FactChecking the GOP Responses — Cruz and Paul Lie
Both of these lies lay mostly in Wingnut Mythos - in Rand Paul’s case he calls President Bush and a mostly Republican congress “Liberal Elites” by conflating the politicians who enacted the energy act with today’s politicians rather than those who actually created and passed it while President Bush was in office to sign it.
In Cruz’s case the lie is much more pernicious since it’s based on populist fears designed to scapegoat an entire religion instead of the specific reactionary fundamentalist extremists perpetrating the acts of terror. That’s an act of evil in itself because it feeds fear, hate, and xenophobia. It’s exactly what real Americans should not do, and it is designed to serve base political and geopolitical ends, not our safety.

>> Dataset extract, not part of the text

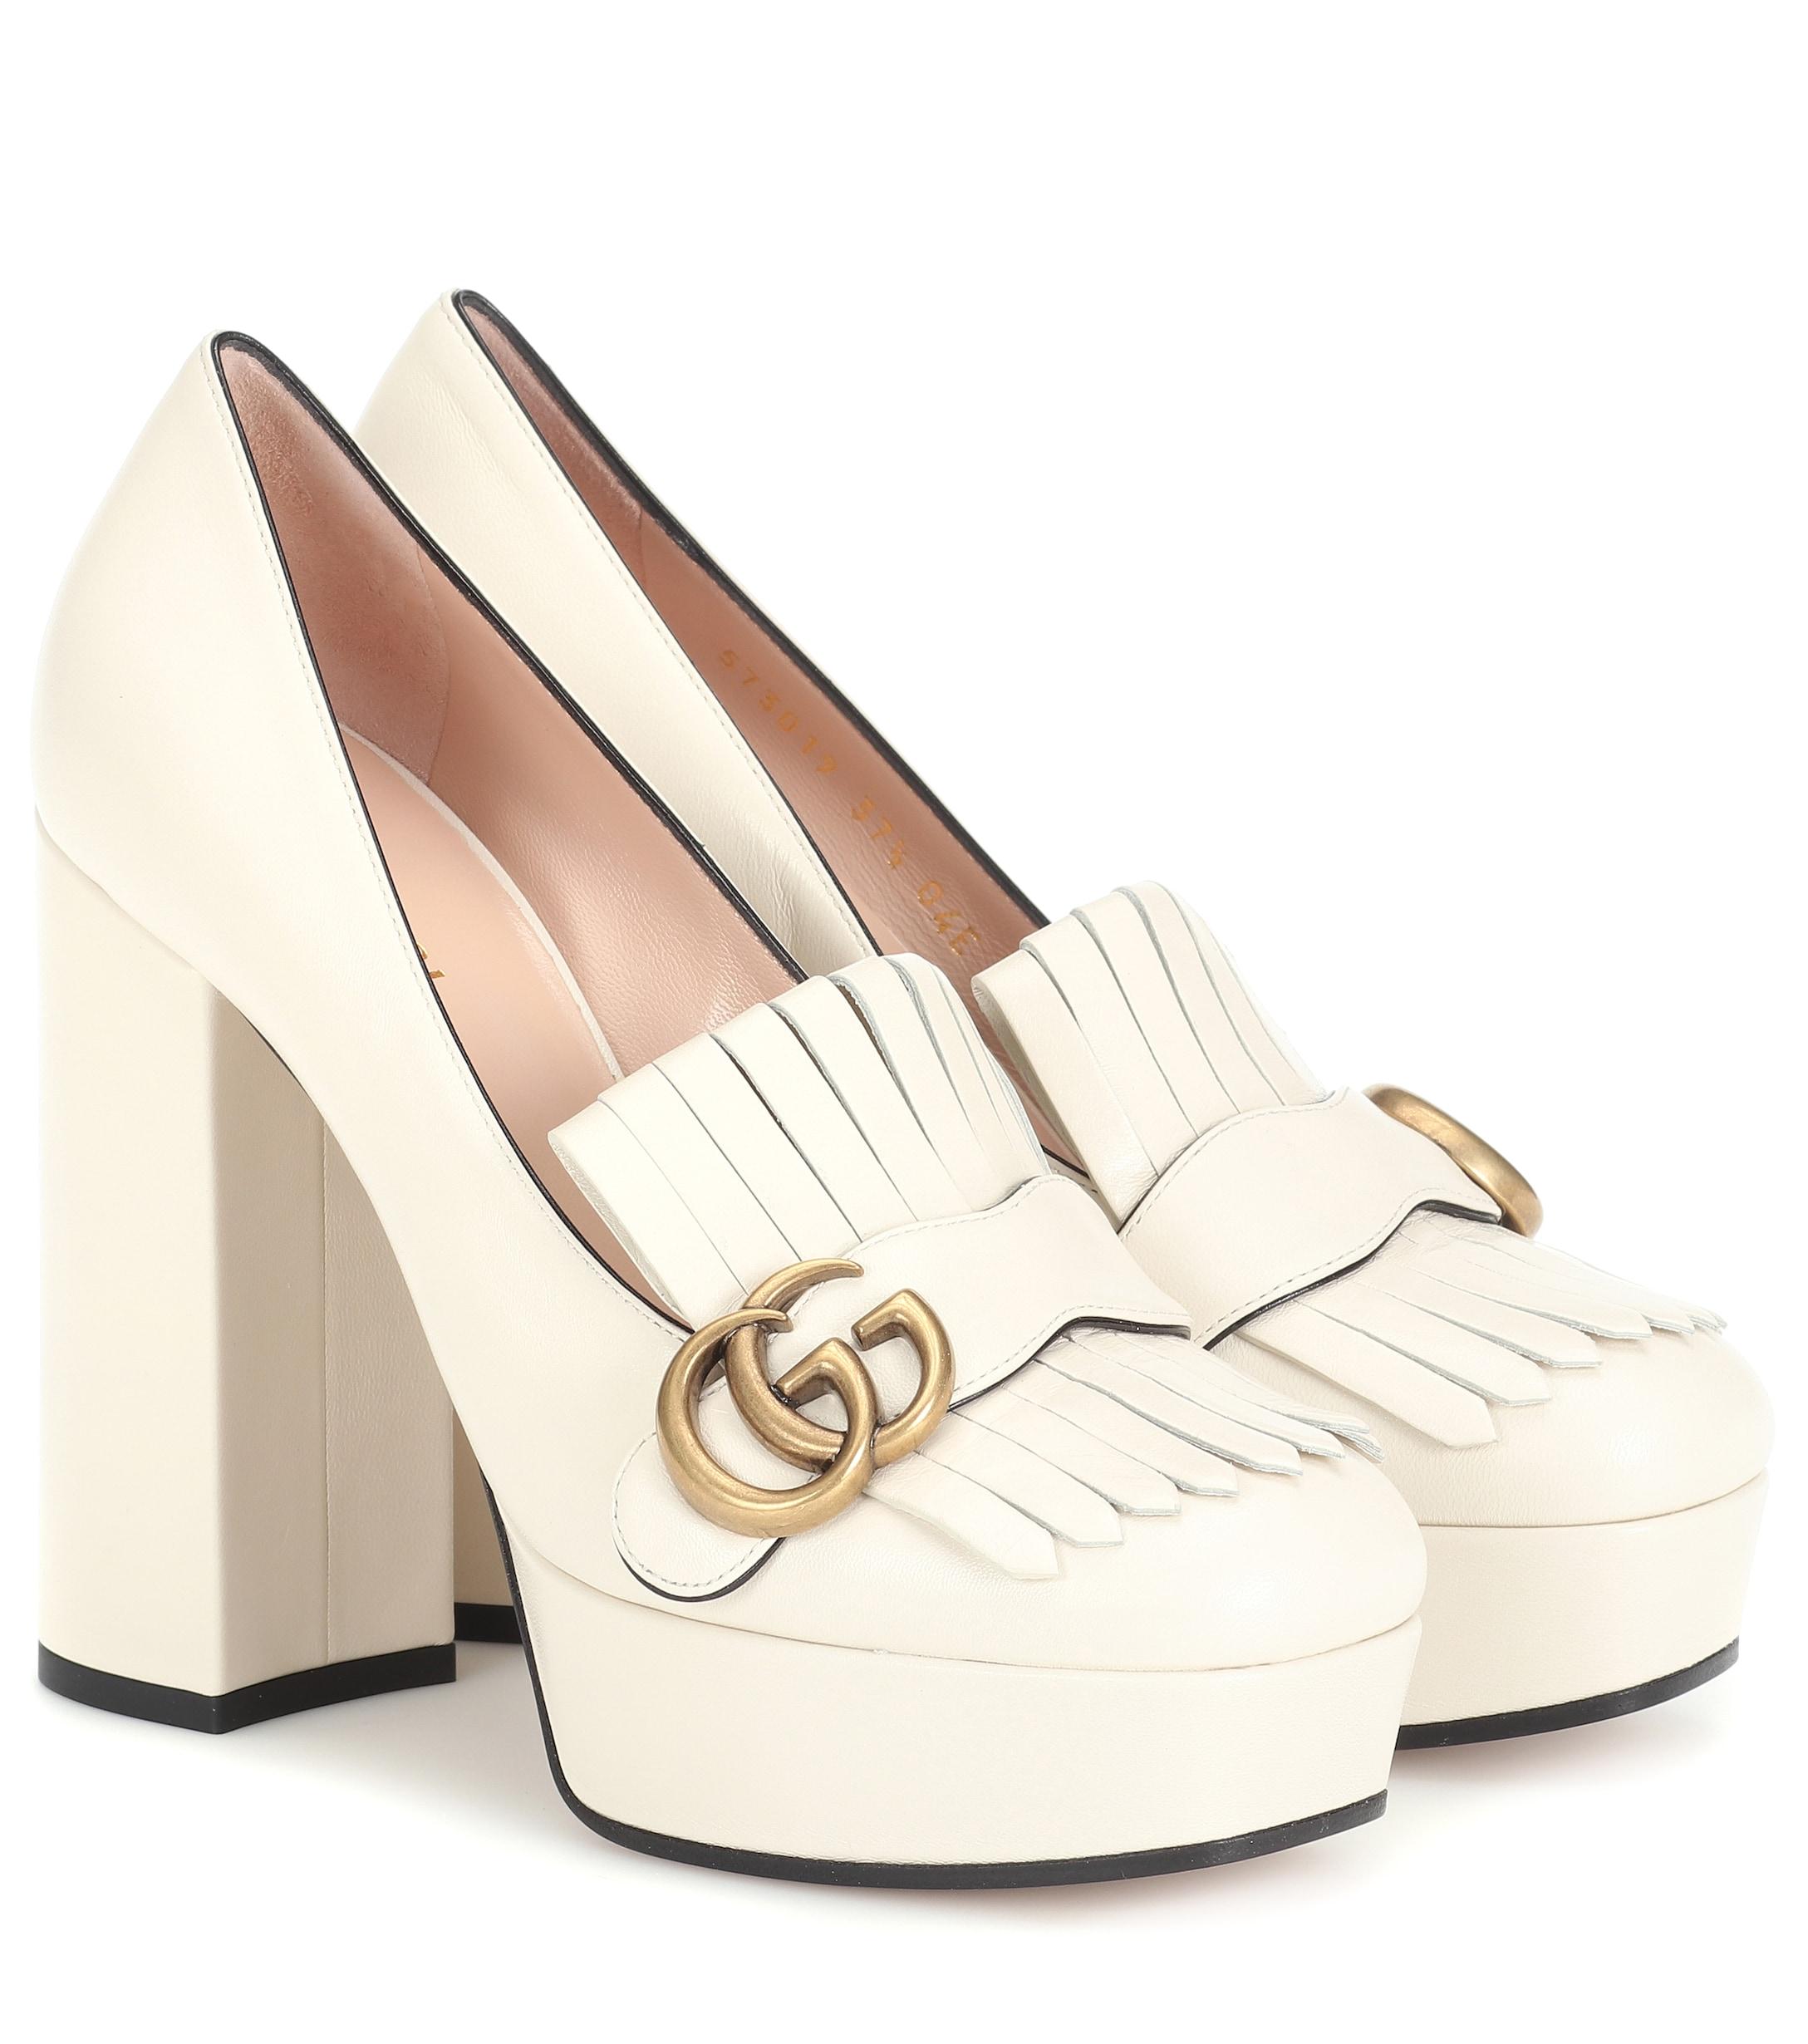 Gucci Marmont Leather Platform Pumps in White - Lyst

This sleight of hand where all of Islam is always associated with the extremist terror has it roots with centuries of tribal nationalist causes in Europe, and the populist demagogues there have honed these verbal weapons well.

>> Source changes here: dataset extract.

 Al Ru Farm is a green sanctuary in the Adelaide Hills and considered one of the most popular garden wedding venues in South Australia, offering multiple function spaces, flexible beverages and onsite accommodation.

Two likely presidential candidates — Cruz and Paul — gave more forceful speeches attacking the president’s leadership.
Cruz gave what his aides called an “impromptu video response” to the State of the Union address that was posted on the senator’s Facebook page. It was one of five videotaped GOP responses (six if you count the first aborted attempt by Cruz).
In his video, Cruz criticized Obama’s speech for failing to address terrorism and immigration — except that the president did discuss both.
Cruz claimed “not a word was said about radical Islamic terrorism.” That’s false.
Cruz, Jan. 20: Tonight not a word was said about radical Islamic terrorism. Those words did not come out of the president’s mouth. We cannot win a war on radical Islamic terrorism with a president unwilling to even say the words “radical Islamic terrorism.”
While it is true that Obama did not utter the phrase “radical Islamic terrorism,” the president did use the phrase “violent extremism” and asked for congressional authority to use force against the Islamic State, a radical Islamic terrorist group that the president referred to in his speech as ISIL (Islamic State of Iraq and Levant).